Are you interested in educating this young guest as part of your hosting style? Or, would you just treat him as a problematic guest whose stay you will shorten and let him gather whatever life lessons he can?
What local considerations apply with this long term guest that do not apply with a short term guest? Lots to be considered, but your post convinced me he should be booted out.
@Walter171 If you haven't already, you need to sit down with this guest and go over all the things he needs to comply with if he expects to continue to stay. If he then continues to ignore this and carry on as he has been, or gives you some "attitude", you need to be prepared to shorten his stay.
If you don't get the point across that these aren't requests, but requirements, and that he will be expected to leave if he doesn't respect the rules, he will continue to ignore your wishes.
He is obviously quite immature and probably just hears you asking him to change his ways as like his mother nagging at him, not understanding that unlike ignoring his mom, there will be repercussions.
He is quite OK most time but usually after some unimagineable/illogical event had occurred.

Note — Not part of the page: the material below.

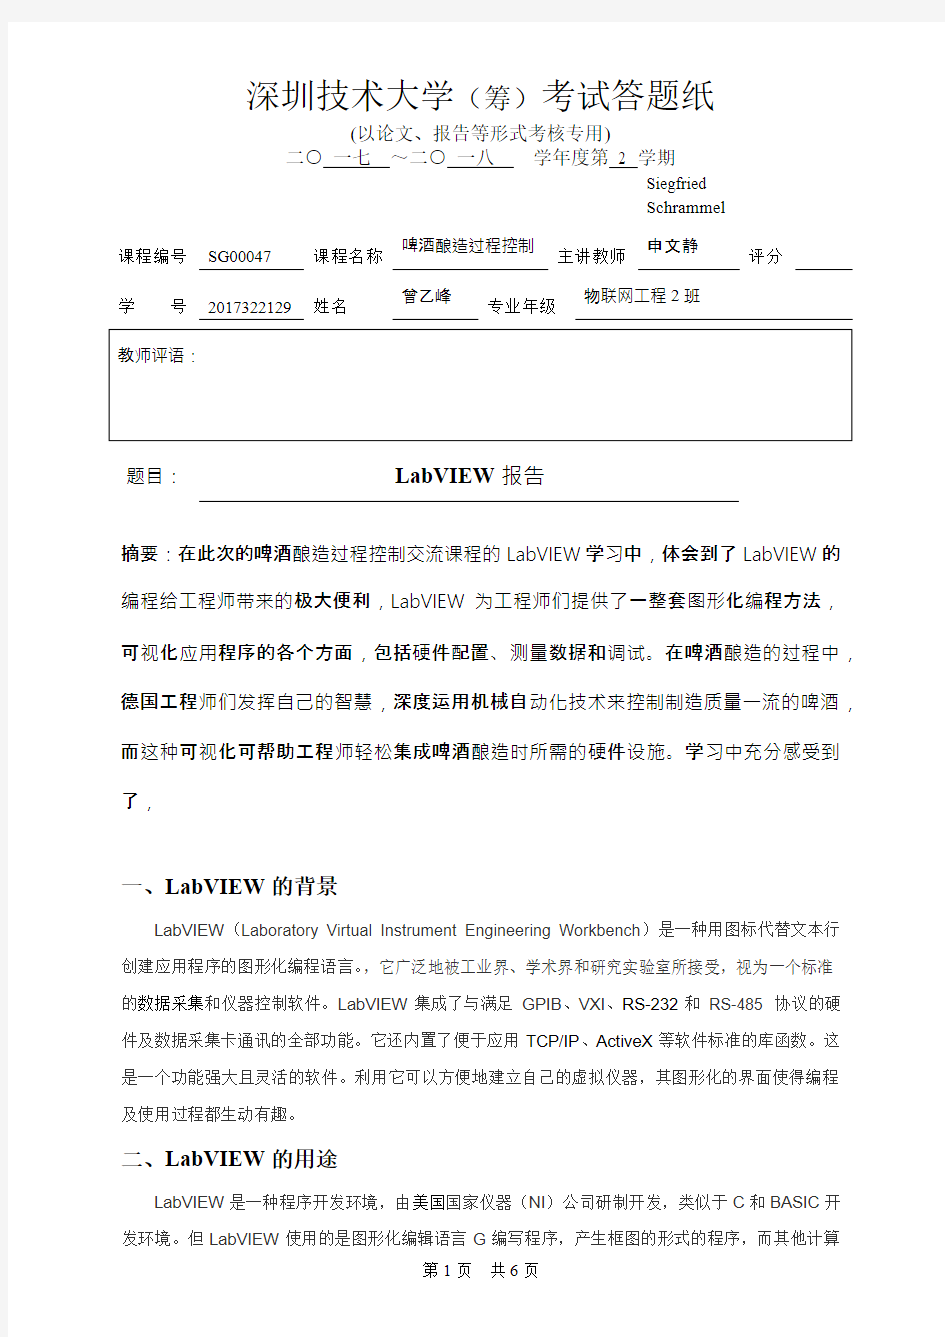 深圳技术大学(筹)考试答题纸

@Walter171 You are giving very mixed messages here. First you portray him as "very problematic", now you say he's "quite okay most of the time."
If you aren't prepared to boot him out if he continues his disrespectful ways, other hosts can give you all the advice in the world, and your problem will not be solved.
It isn't just you his behavior impacts, but your other guests as well. You risk bad reviews from your other guests if you don't take charge of the situation.
He is the most problematic guest I ever had. Things happened and he is not aware or have any idea of his actions.
Once told of it, he is generally Ok.
Things one would not have envisage could be a problem can happen.
My earlier example, chair with rubber sole could caused scratches on his side but no issue with the main guest's side.
@Walter171 So what you have is a guest who isn't used to considering anyone but himself, or how his actions affect others. Not a good candidate for a home-sharing situation.
As you say, he has probably lived a pampered life with his mother cleaning up after him. Because he doesn't know any other way, his behavior isn't going to change quickly- he doesn't realize that all the things he has been talked to about fall under the umbrella of respect for others and their belongings, he sees them as separate issues that are unrelated to each other.